One bid to counter the suffocation of so much life by catergorising religions is attempted here:
LET US DECLARE OUR COMMON HUMANITY
AND AGREE THAT
ALL GOOD FAITH AND RELIGIOUS TRADITIONS AND THEIR SCRIPTURES
ARE NURSERIES FOR REACHING TOWARDS
A MATURE UNIVERSAL FAITH .
THAT IS
A COMMON FAITH IN INCLUSIVE JUSTICE;
FOUND IN MAINTAINING
THE DELICATE CREATIVE TENSION BETWEEN
INDIVIDUAL FREEDOM, COMMUNAL RESPONSIBILITY,
AND PLANETARY TRUSTEESHIP
Thank you for taking the time to read and respond to my blog.
I would like to question you on what you mean by “good faith”, are you then saying that there exists such a thing as “bad faith” – what is that? Who decides what is good or bad? What criteria do they use? On what authority and with what agenda?
“Religious traditions and their scriptures are nurseries” – so what about those whose faith has no religious tradition (whatever that actually is), or scripture per se, those who consider in all seriousness punk rock, heavy metal, jedi as their genuine spiritual path in life – they have no space in your vision? No role to play? The purpose of a nursery is to grow something until it is strong enough to be planted or placed in a much harsher environment, are you therefore arguing that ‘religion’ is only for the very weak and immature and once you have grown past that need then you can be placed into the real world?
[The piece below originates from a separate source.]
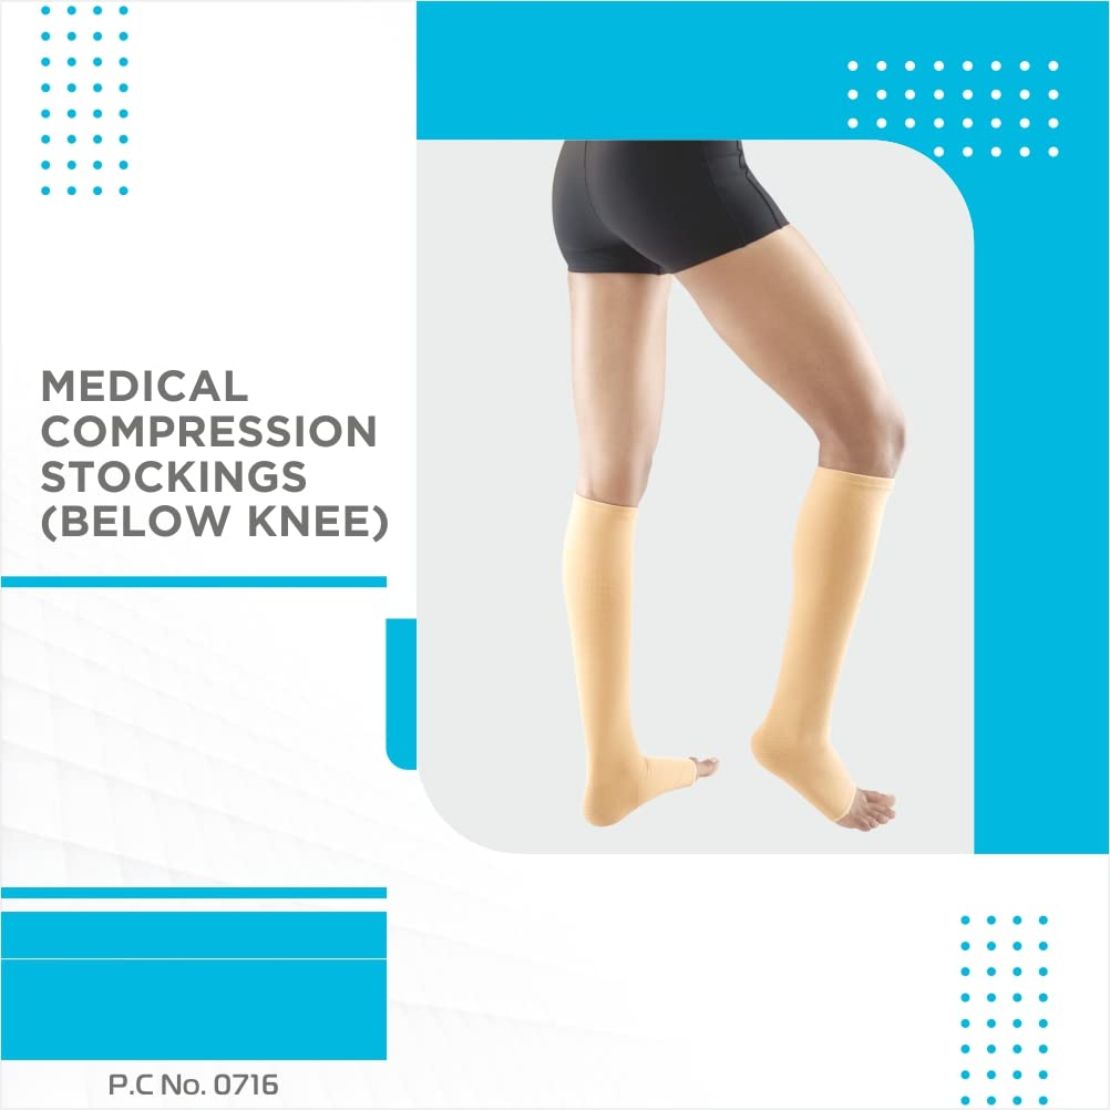 Buy Vissco Medical Compression Stockings are specialized socks that apply gentle pressure to your legs and ankles. They can help improve blood flow from your legs to your heart.

While these are laudable sentiments, perhaps, in your vision of a common faith you are not actually defining any of them – what is inclusive justice? How do we create something when we have vastly different histories and experiences of justice, never mind iterations of what the very term itself means.
Categories exist because we created them to serve a purpose, seeking to move beyond them requires a deep understanding of what they do, why and the implications and outcomes. Nice words do not that provide, otherwise the world would have had perfection since the era of the Romantics. Define what you mean, engage with its implications and corollaries and then, perhaps, we might have something to work on for the future.
In response to your comment:
There is no record of any of the group having worn burqas of any colour or made any comment or protest about the oppression of women in Afghanistan.’
I would respectfully point out that there is in a fact a video on the Shannonwatch website which shows women dressed in white burkas.
See the video ‘Women’s Peace Camp 6-7 March 2010’ http://www.shannonwatch.org/page/videos
I would also like to add that the reference to burqas and Afghanistan is not a contrived add-on, it is integral to the Shannon watch project. In Dec. 2014 it was reported in The Irish Times that ‘Secret US military flights that refuelled in Shannon during America’s “war on terror” were never checked at the airport, according to a former pilot who flew military personnel to Afghanistan… The Rendition Project, a database compiled by two UK-based academic researchers who tracked 200 aircraft linked to CIA missions and Reprieve, a human rights legal charity, have identified 11 planes landing at Irish airports between 2002 and 2004 which, based on evidence available to them, suggests that the aircraft were on their way to, or on their way back from, known renditions of detainees… A report released by Democrats on the US Senate intelligence committee on Tuesday revealed how detainees were tortured at these sites using techniques that were “brutal and far worse than the CIA represented” under the “renditions, detentions and interrogations” programme.’ http://www.irishtimes.com/news/ireland/irish-news/us-military-flights-not-checked-in-shannon-says-pilot-1.2035089
The link is there between Shannon Airport and Afghanistan; this link is reflected in Deborah Stockdale’s work.